**Work instruction**:
Could the data below be printed out exactly, with the pictures left out?

**Exercise data**:
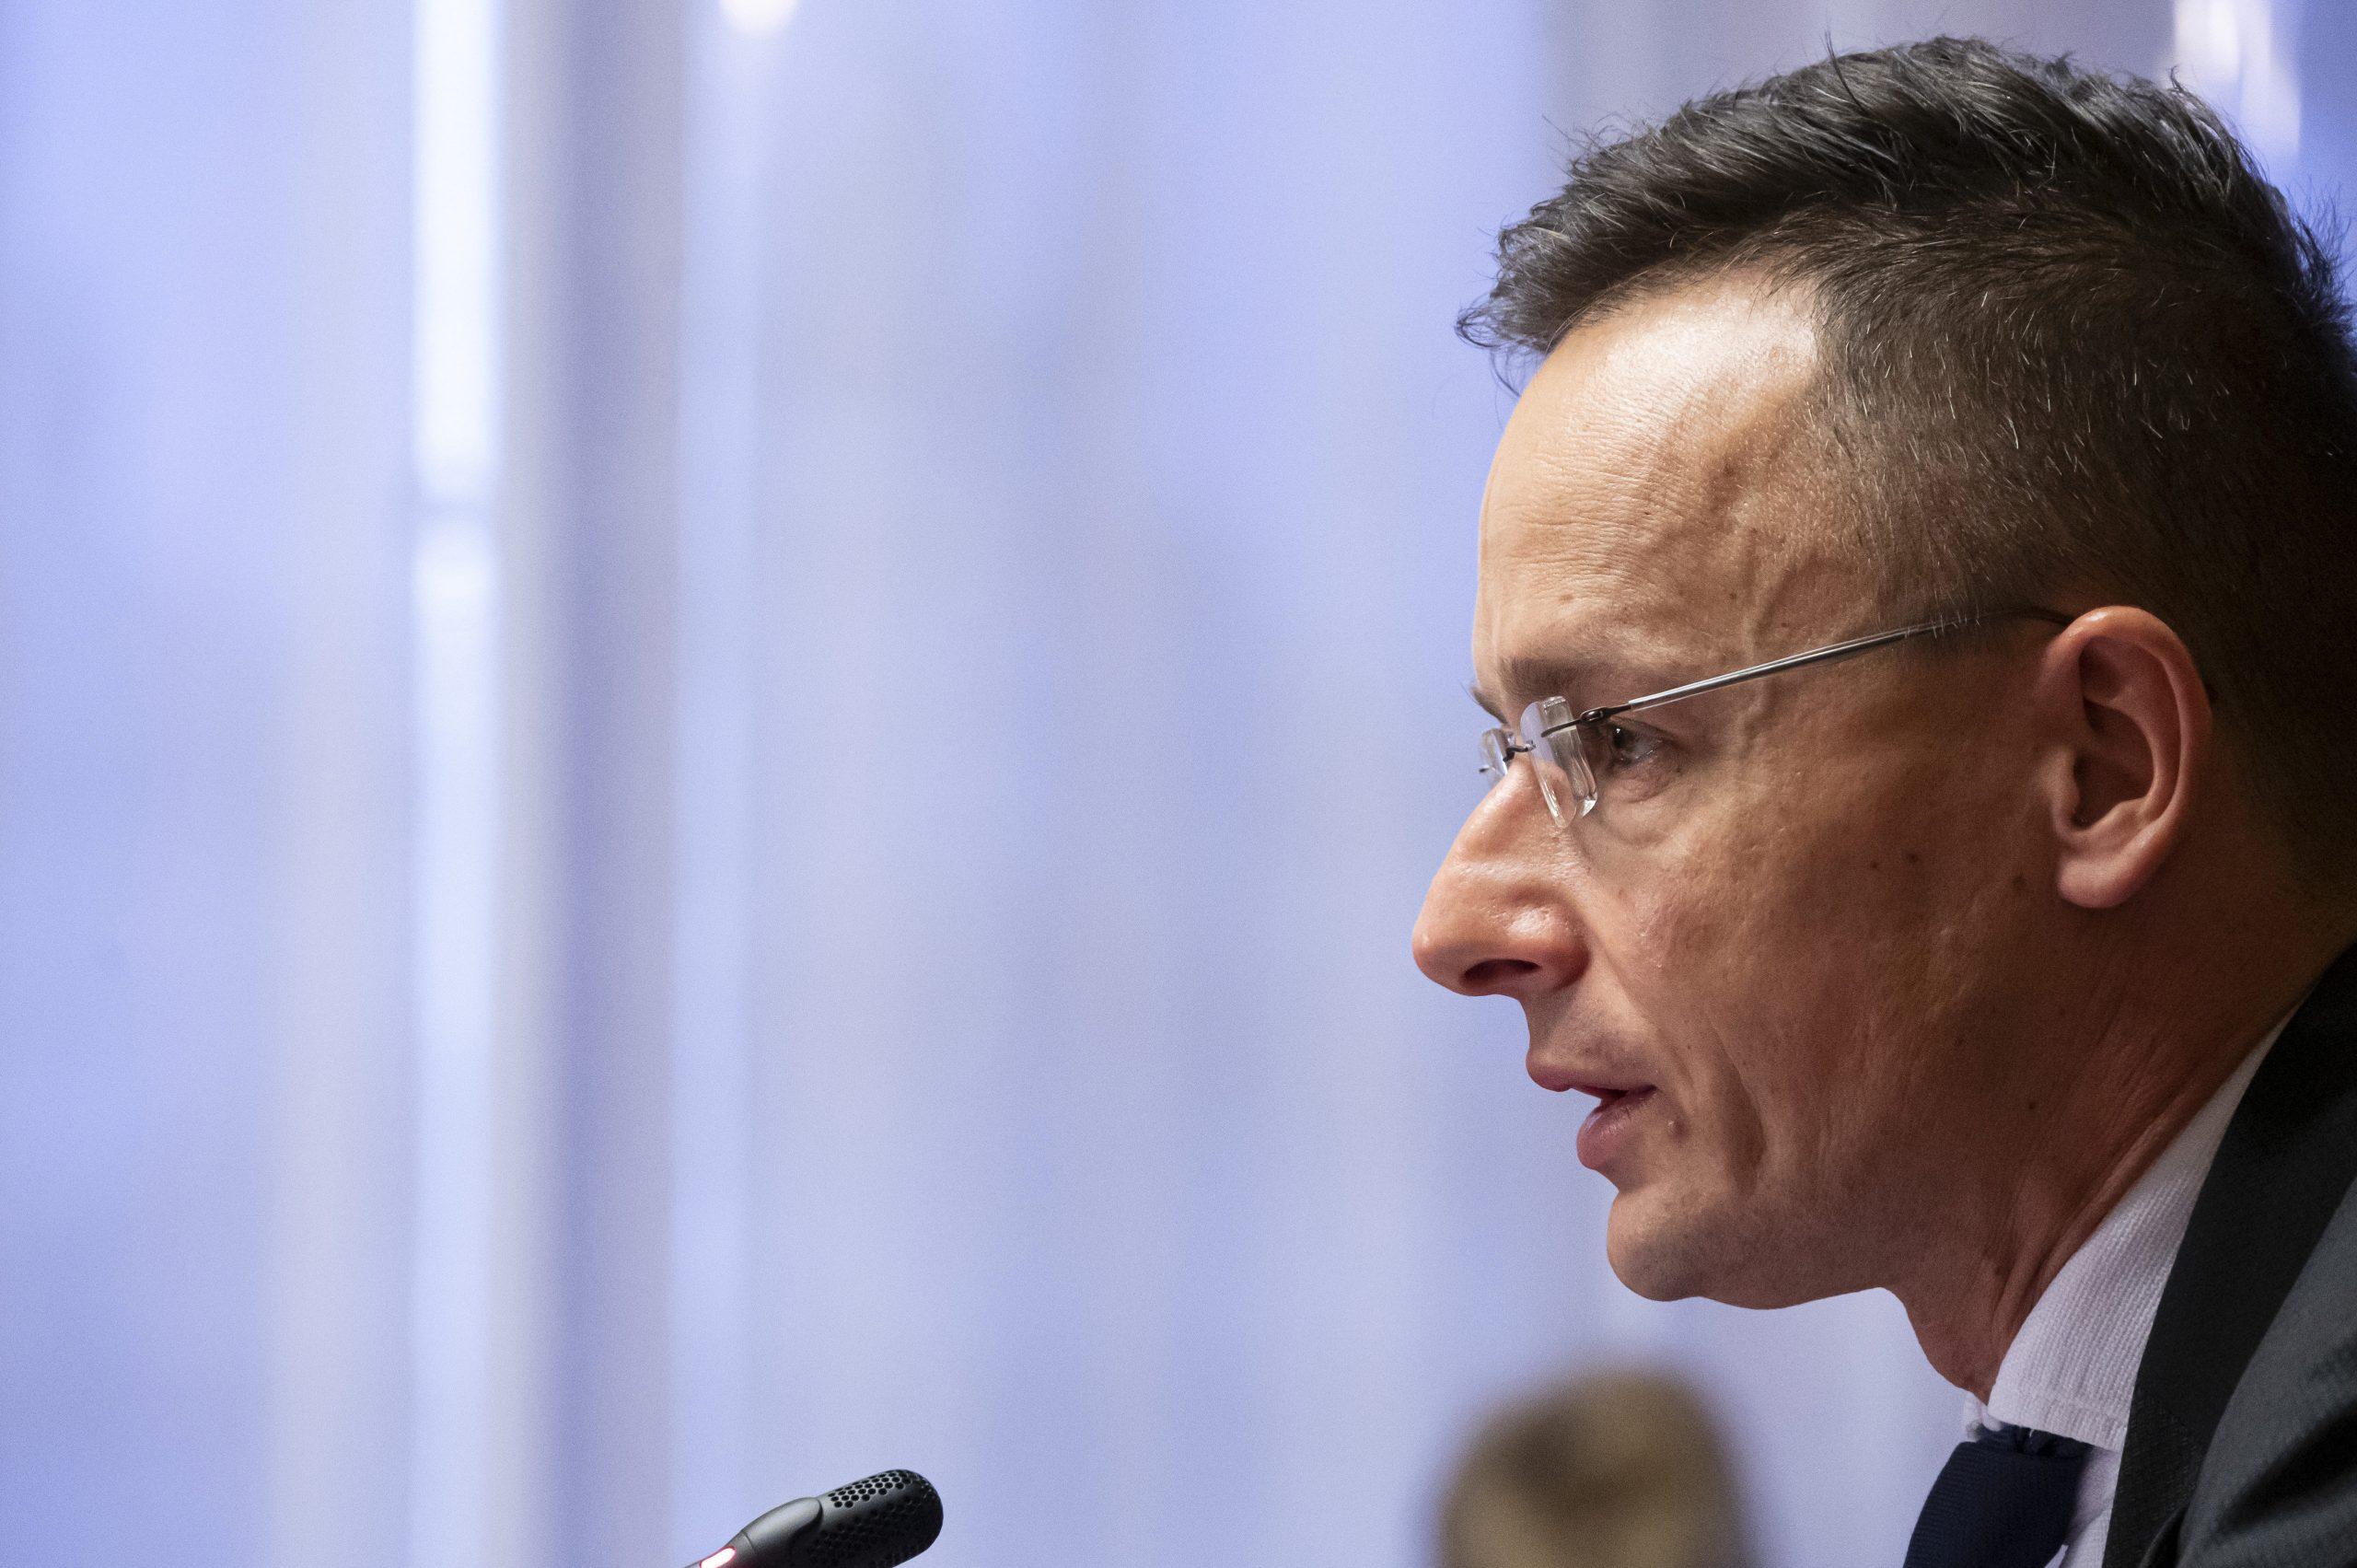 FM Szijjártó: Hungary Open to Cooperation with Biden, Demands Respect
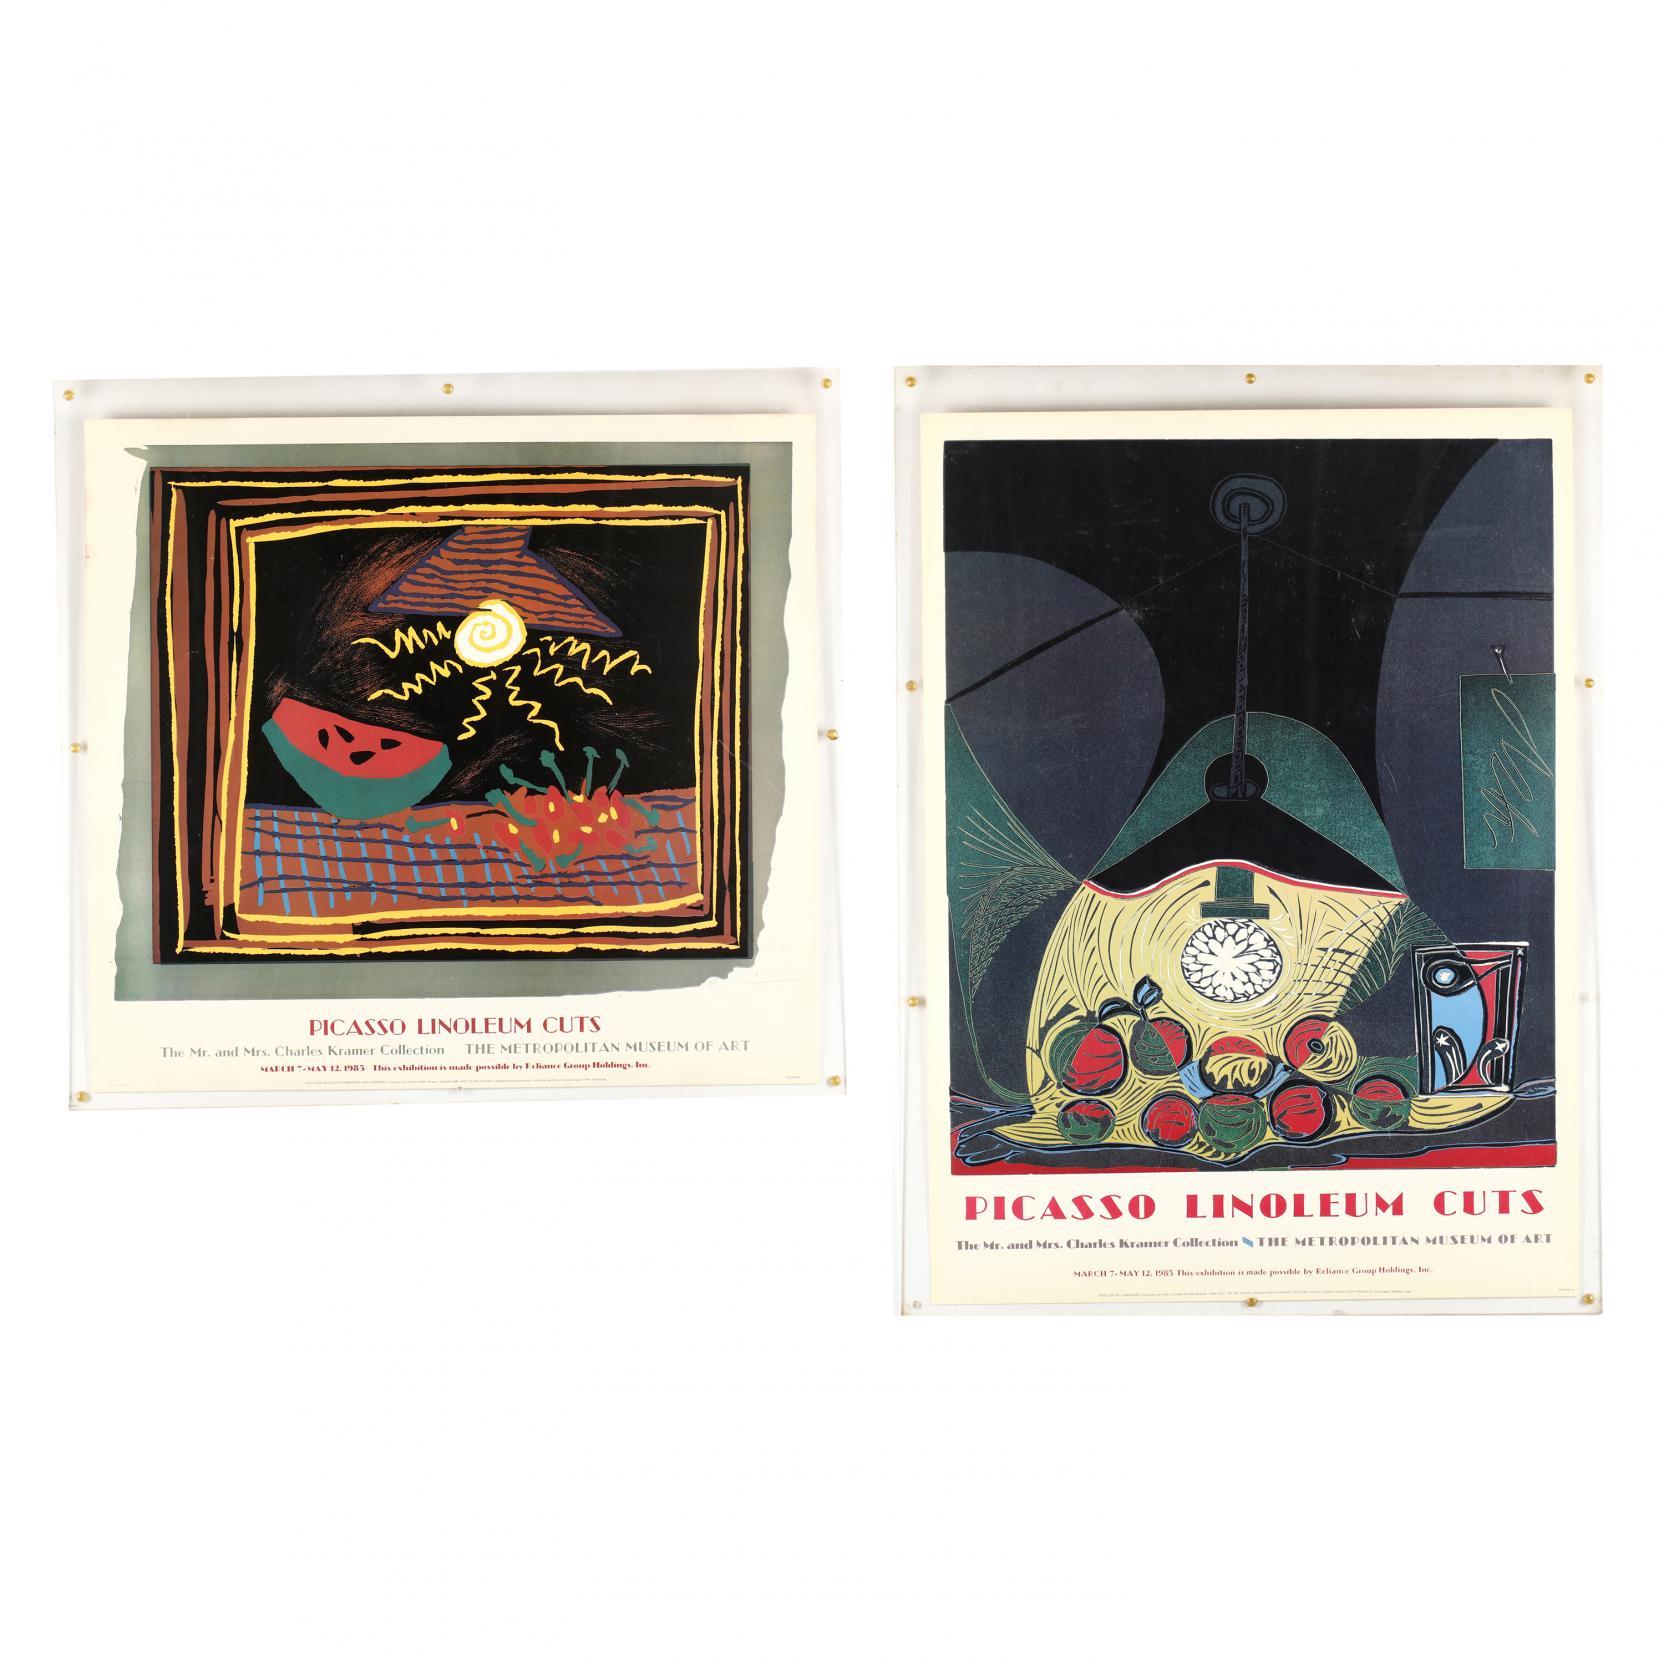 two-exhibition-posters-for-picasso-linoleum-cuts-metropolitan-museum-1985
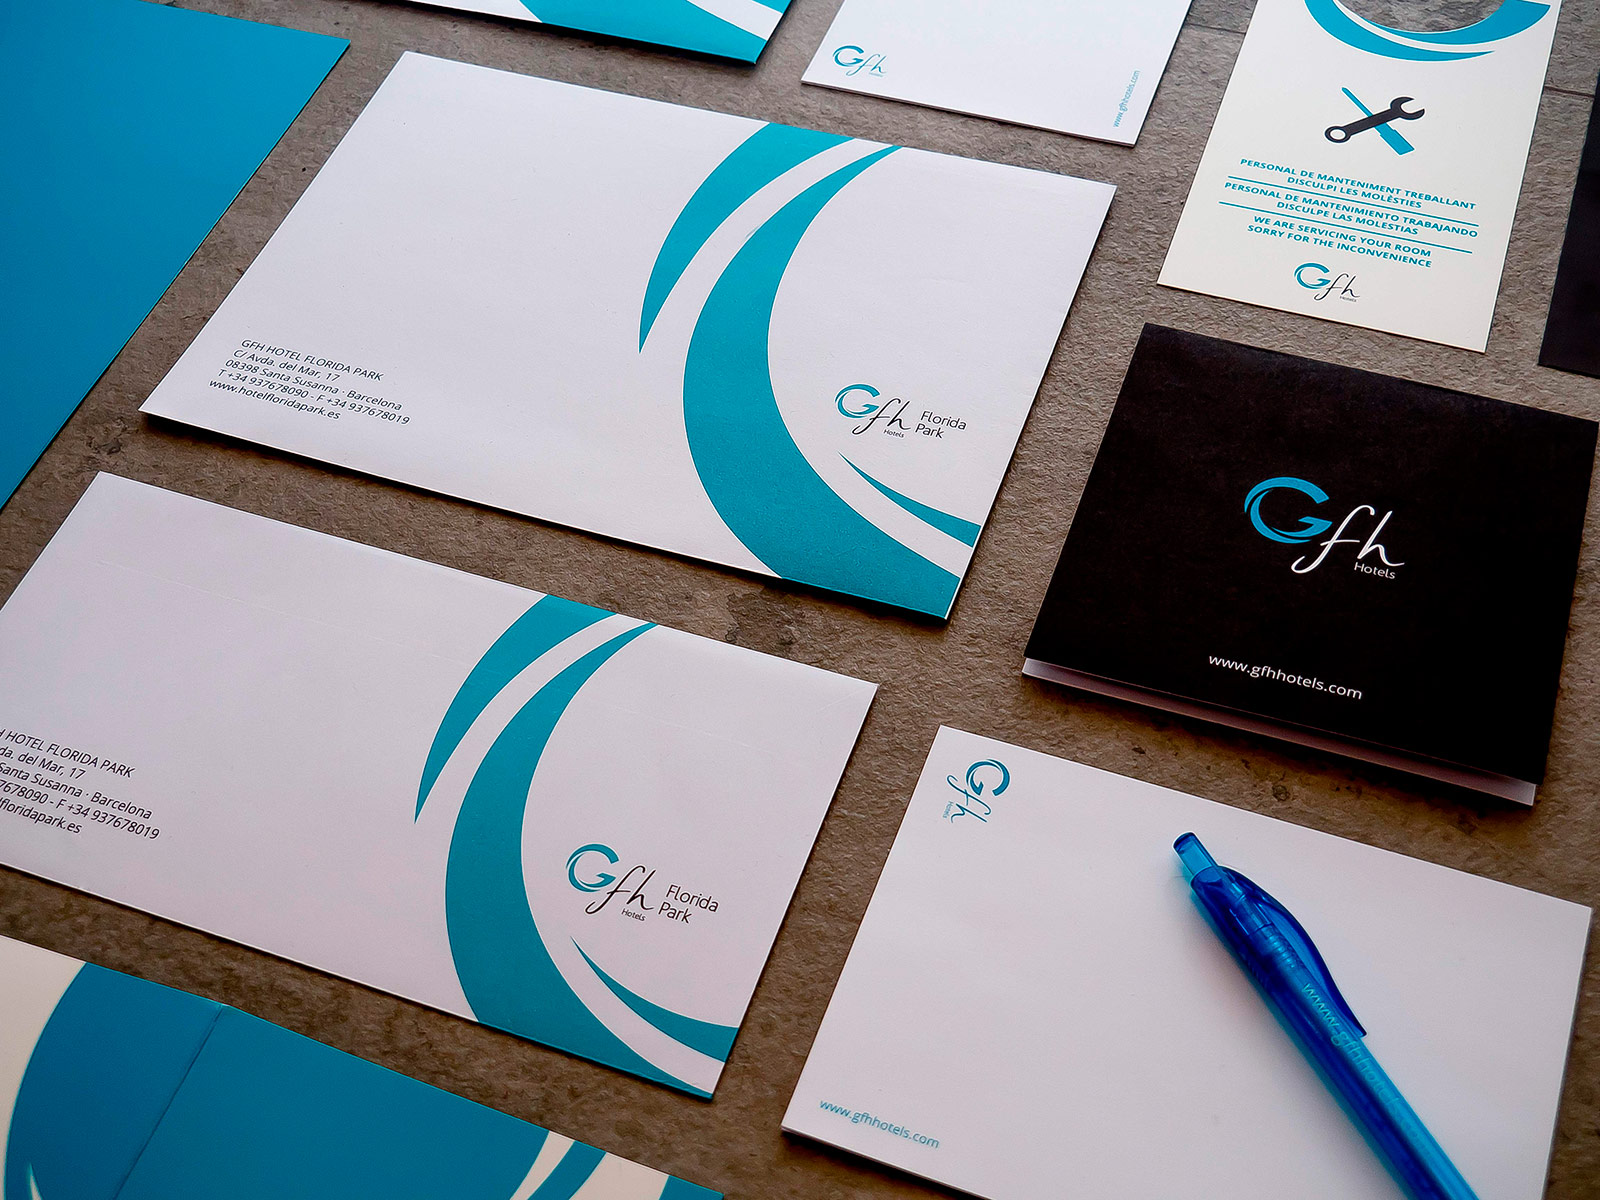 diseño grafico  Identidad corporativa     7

**Reply to the exercise**:
 FM Szijjártó: Hungary Open to Cooperation with Biden, Demands Respect
 two-exhibition-posters-for-picasso-linoleum-cuts-metropolitan-museum-1985
 diseño grafico  Identidad corporativa     7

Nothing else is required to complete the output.